Chinx | Music That Never Dies

Posted on July 25 2021

Chinx | Music That Never Dies


Pick up any New York City brochure and you’ll likely see all of the familiar sites: the bustling Times Square epicenter, pistachio-green Statue of Liberty, towering Empire State Building. But beyond the tourist traps lies a darker beast that rumbles even louder than the subway cars that outline its skeleton. High in crime and low in income, it’s an underworld that can either swallow you whole or leave you hardened like its gum-stained sidewalks. For Queens rapper Chinx, the outcome was the latter. And with his debut album, Welcome To JFK, he’s giving you a first-person peek into his city’s rougher crevices. “You're definitely gonna hear that New York shit all up in there,” says the next-up on French Montana’s Coke Boys imprint. “Come into my world.

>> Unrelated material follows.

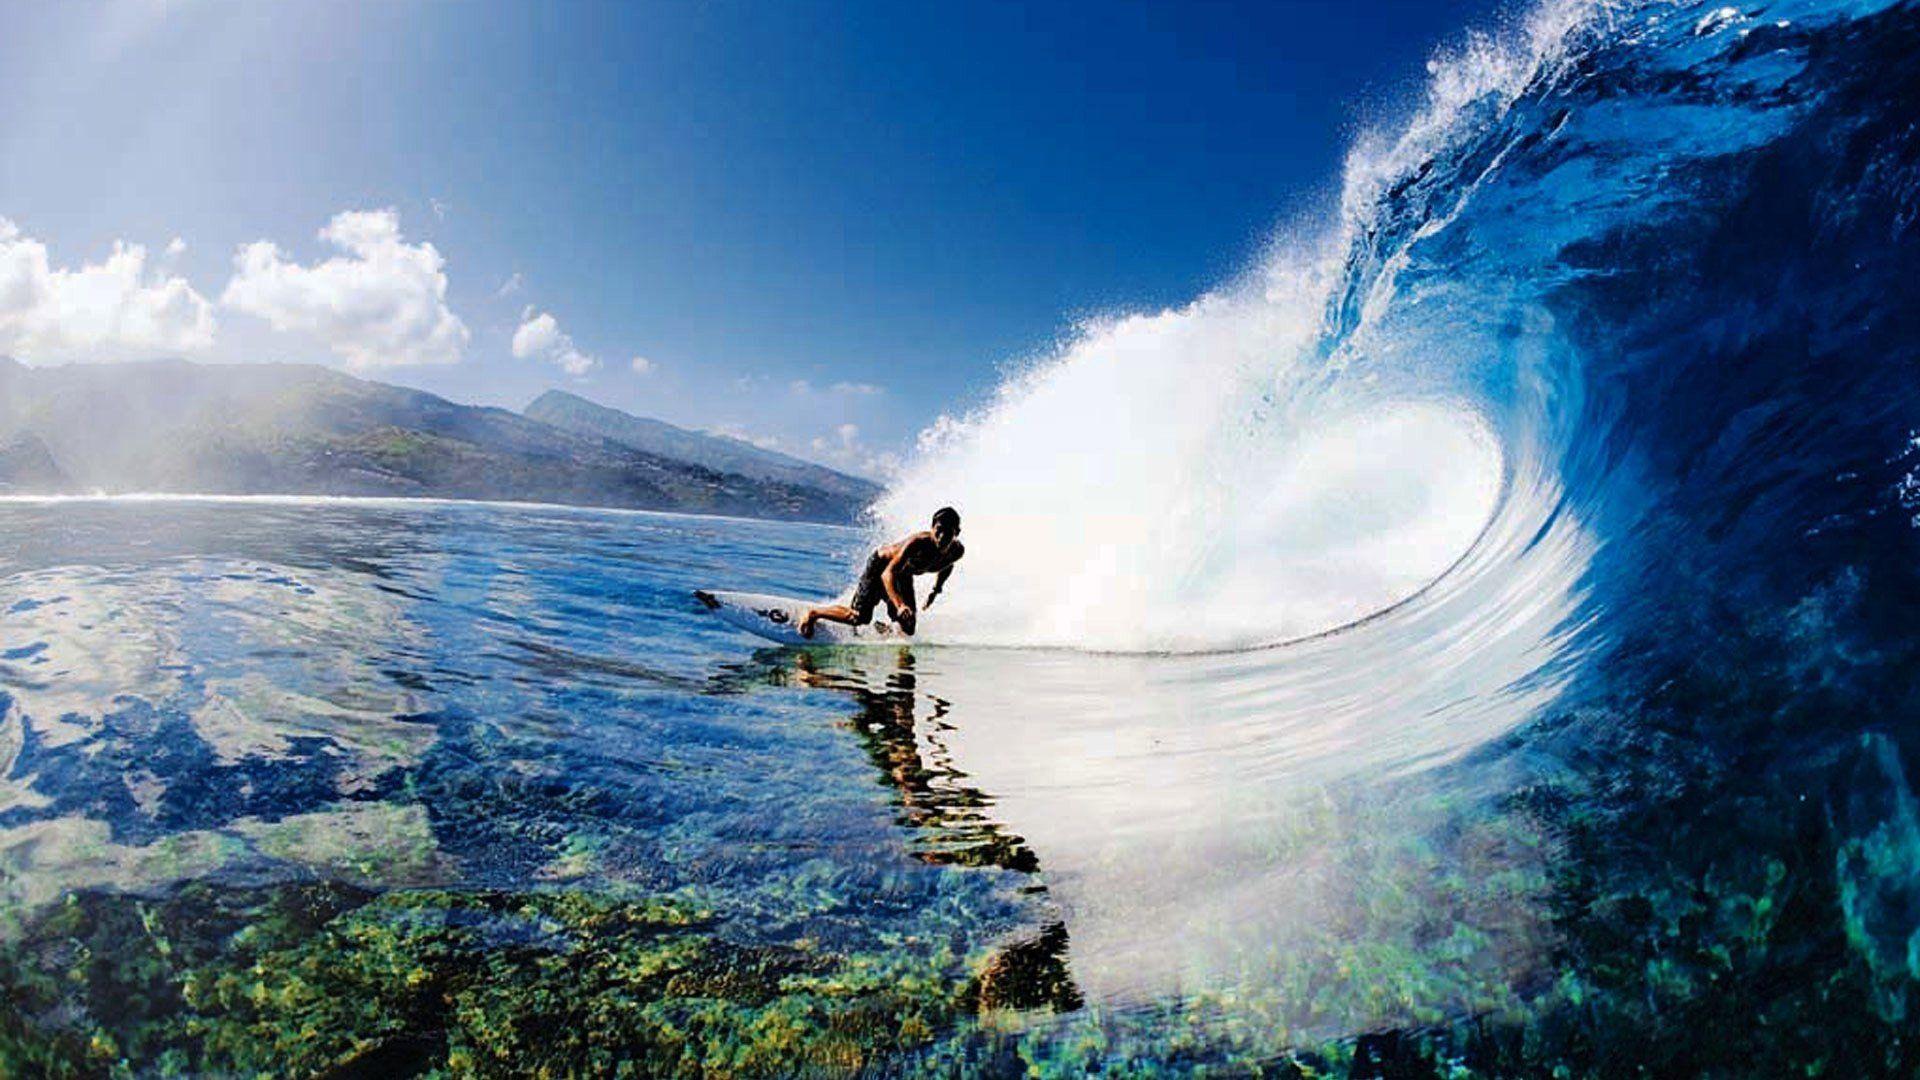 Surfing HD Wallpaper and Background Image

I’ve got so many stories.”

Chinx’s narrative treks the streets, makes a pitstop in prison and finds the rapper reemerged as one of hip-hop’s most anticipated rising acts. It all starts in the rough Far Rockaway blocks, where the smell of Pine-Sol and rich sounds of Mom’s old-school soul music characterized a young Chinx’s household, temporarily overpowering the drug-strung streets outside. But even more than Sam Cooke slow jams, N.W.A.’s debut album Straight Outta Compton awoke his impressionable mind, exposing him to hip-hop’s raw-and-uncut realism. “They were talking so freely -- profanity and all,” remembers Chinx (born Lionel Pickens) of his introduction to rap. “That kept me playing that same album over and over.” He began putting pen to paper years later, imitating the flows and mafioso rhymes of fellow Queens MC Nas’ sophomore album It Was Written at age 12. “I wanted to be down with The Firm so bad,” says Chinx, who’d also embrace the aesthetics of Three 6 Mafia, Wu-Tang Clan and Master P.

All the while, Chinx was learning the art of the hustle. Legitimate schemes like packing grocery bags for shoppers upgraded to phony fundraisers and, finally, drug sales. He spent the illicit funds on recording time in small studios in Long Island, where he’d vent the vicious realities of the streets onto wax before even reaching high school. In 2002, he linked with Stack Bundles, a close childhood friend who was building a local buzz as a lyricist. Together, along with neighborhood spitters Bynoe and Cau2Gs, they formed the Riot Squad. But Chinx’s momentum came to a halt three years later, when he began serving a 3.5-year sentence at Mid-State Correctional Facility. While Chinx was locked up, Stack was killed, devastating the incarcerated MC while igniting his drive to carry on his slain friend’s music legacy. Once he came home in 2008, he met French Montana through burgeoning Harlem rapper Max B, one of Stack’s former partners in rhyme. French and Chinx bonded through their tireless work ethic, waving the Coke Boys flag and fostering a true musical movement. “Our whole game plan was to flood the streets, just keep working,” says Chinx, who’s released volumes of mixtapes including the Cocaine Riot and Coke Boys series. “We kept putting music out and people started demanding that shit.”

By 2012, Chinx struck an undeniable hit with the de facto crew anthem “I’m A Coke Boy,” which grew so popular that Rick Ross and Diddy hopped on the remix, setting airwaves ablaze in the U.S. and beyond for much of 2013. He continued building his stock a year later with “Feelings,” a breezy vent session that’s as catchy as it is blunt. “These are my thoughts, my stories, my feelings -- I just give you what my eyes see,” says Chinx, whose tight flows evoke a New York vibe evolved from hip-hop’s golden era. “I don’t have a style. I’m a student of hip-hop, always trying to figure out the next sound to make everybody bop. I just want to have fun with this music.”

Chinx is set to show just how captivating he can be with Welcome To JFK, its name a nod to his own airplane tats and the world-famous airport located just a minutes from his native stomping grounds. With a malleable style, he plans to satisfy all appetites on his debut studio album. “It’s like a plate of food: You got your steak, potatoes, greens -- you're gonna have everything,” says Chinx, whose Welcome To JFK will feature French Montana and Rick Ross. “If you’re not trying to change to game, why are you in it?”